A Girl’s Guide to Discussing the Future with Her Man
When you’ve been dating your boyfriend for a while, and you feel like it’s time to take the big step, a serious conversation is often due and necessary. You have to be prepared, however, that – once you have this conversation – you may very well realize that the two of you are looking to walk different paths. This is really when you find out whether or not you you guys are on the same page, and share the same dreams.
It’s definitely not easy to walk confidently into a conversation that is shrouded with uncertainty, but there are definitely ways you can be sensible in how you approach this discussion. Here is a guide to help you.
1. Timing is very crucial, choose the right moment
It’s really important to judge the mood and pick the right moment to bring up the subject. You don’t want to discuss the long term when you are doing something that is only temporally elevating your mood, like being on a holiday for example.
You also definitely don’t want to discuss this when one or both of you are going through a rough time, at work or with family. Wait till both of you are grounded and unburdened.
2. Be realistic and don’t ask for too much
Discussing the future does not mean setting a date for your wedding. Sometimes all a girl needs is the assurance that she is a part of his future. Indeed, talks about the future should revolve less about setting dates, and revolve more about making sure that your goals are in sync.
3. It’s okay to feel uncomfortable and afraid
It does no good to pretend that you are completely fine, especially when there might be elements of the future that scare you. When it comes to having a big discussion like this one, it’s all about honesty. If you’re afraid of something it’s definitely a good idea to voice it, and let your partner know about it.
4. They’re not mind readers
Mind readers are a work of fiction, they don’t exist: its all about clear communication and the ability to express your feelings. If you want to have a direct and honest conversation with your partner about the future, you need to let him know, otherwise you will start harboring resentment when your partner fails to pick up your microscopic signals.
5. Be honest about your compatibility
Don’t ignore the red flags. If you can sense some major incompatibilities in your relationship as it progresses, you need to express them and be honest and upfront about them. The more honest you are the easier it might be for these worries to be dealt with.
6. Do not be a doormat.
There seems to be this trend going around, where people – especially guys – say things like “I love you, but I have a fear of commitment.” While conversations about your future together require empathy and understanding, you should not be an extra accommodating door mat.
Your needs have to be met as well, and this whole trend is sometimes BS to be honest.
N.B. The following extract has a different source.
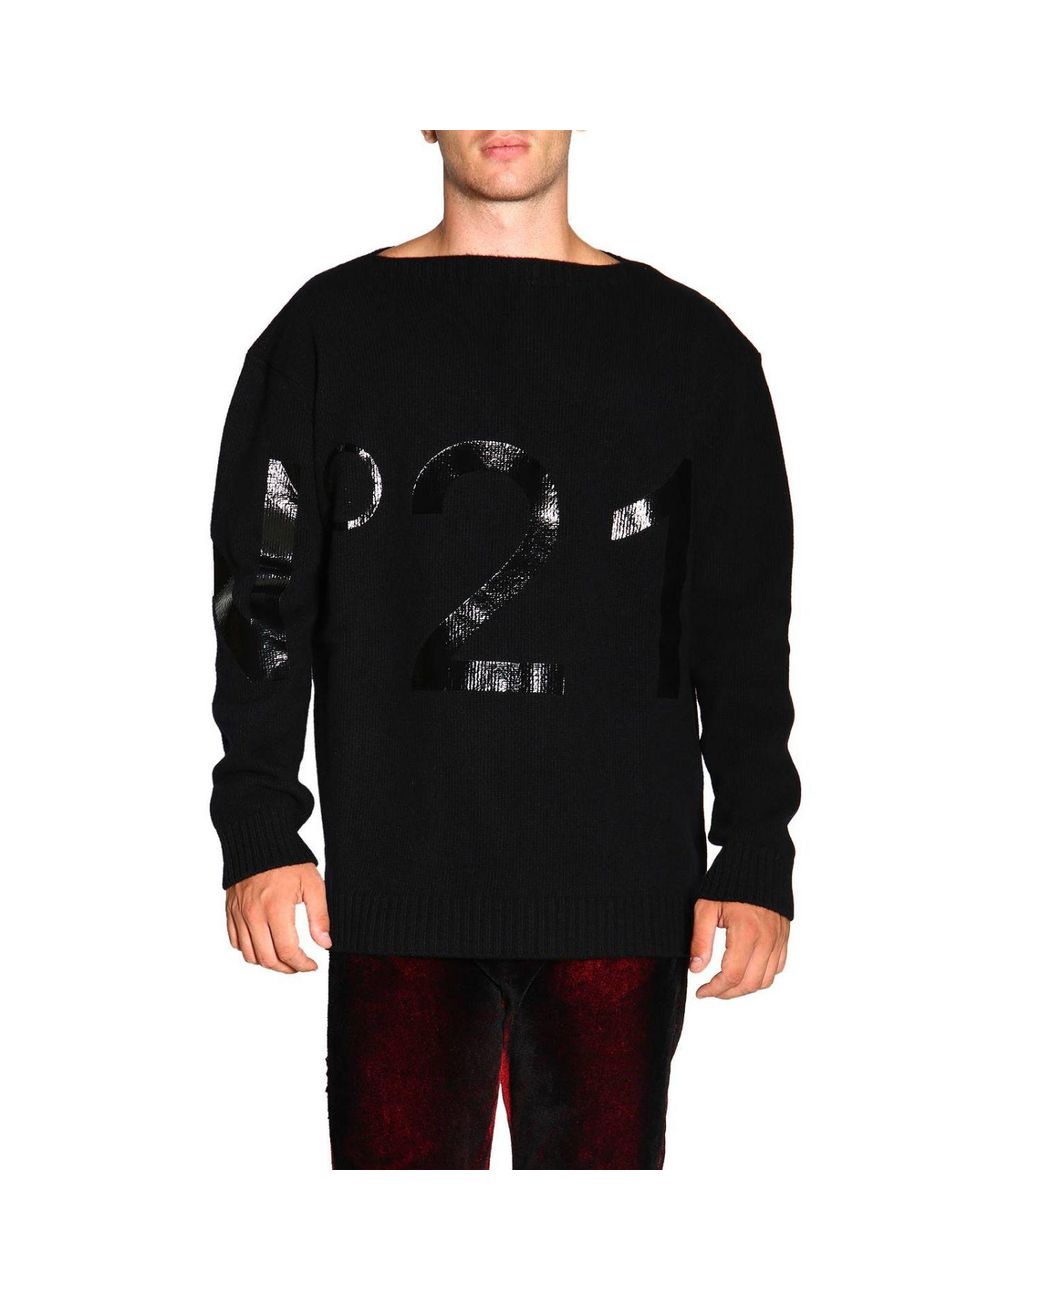 N°21 Wool Men's Sweater in Black for Men - Lyst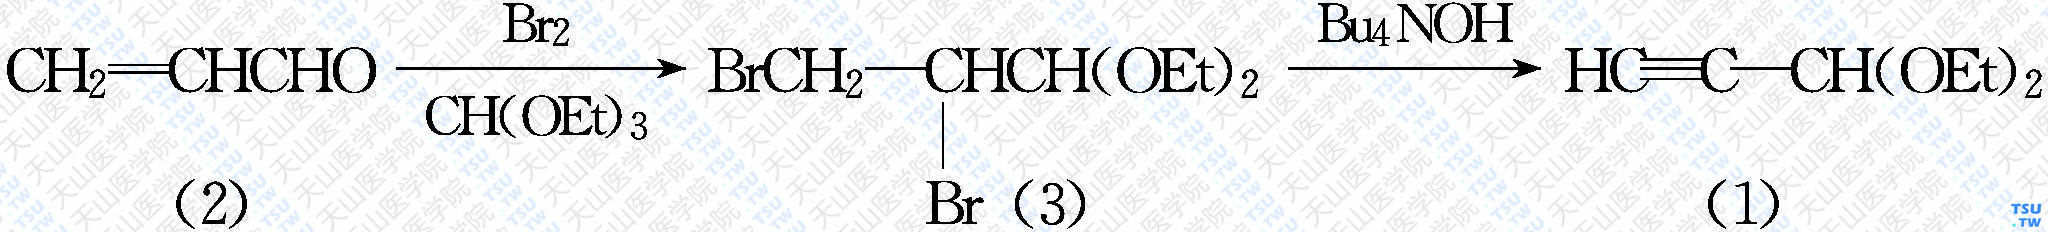 炔丙醛缩二乙醇（分子式：C<sub>7</sub>H<sub>12</sub>O）的合成方法路线及其结构式

It’s like someone who is a bit upset saying that he/she has depression, and/or someone who is a little nervous claiming that they have anxiety.
There is a genuine psychological diagnosis that is called ‘fear of commitment’, and it statistically makes no sense that every other man has a full blown psychological disorder that keeps him from seeing you future together.
WE SAID THIS: These talks about the future should be viewed as a barred zone, where all and every concern should be shared without fear.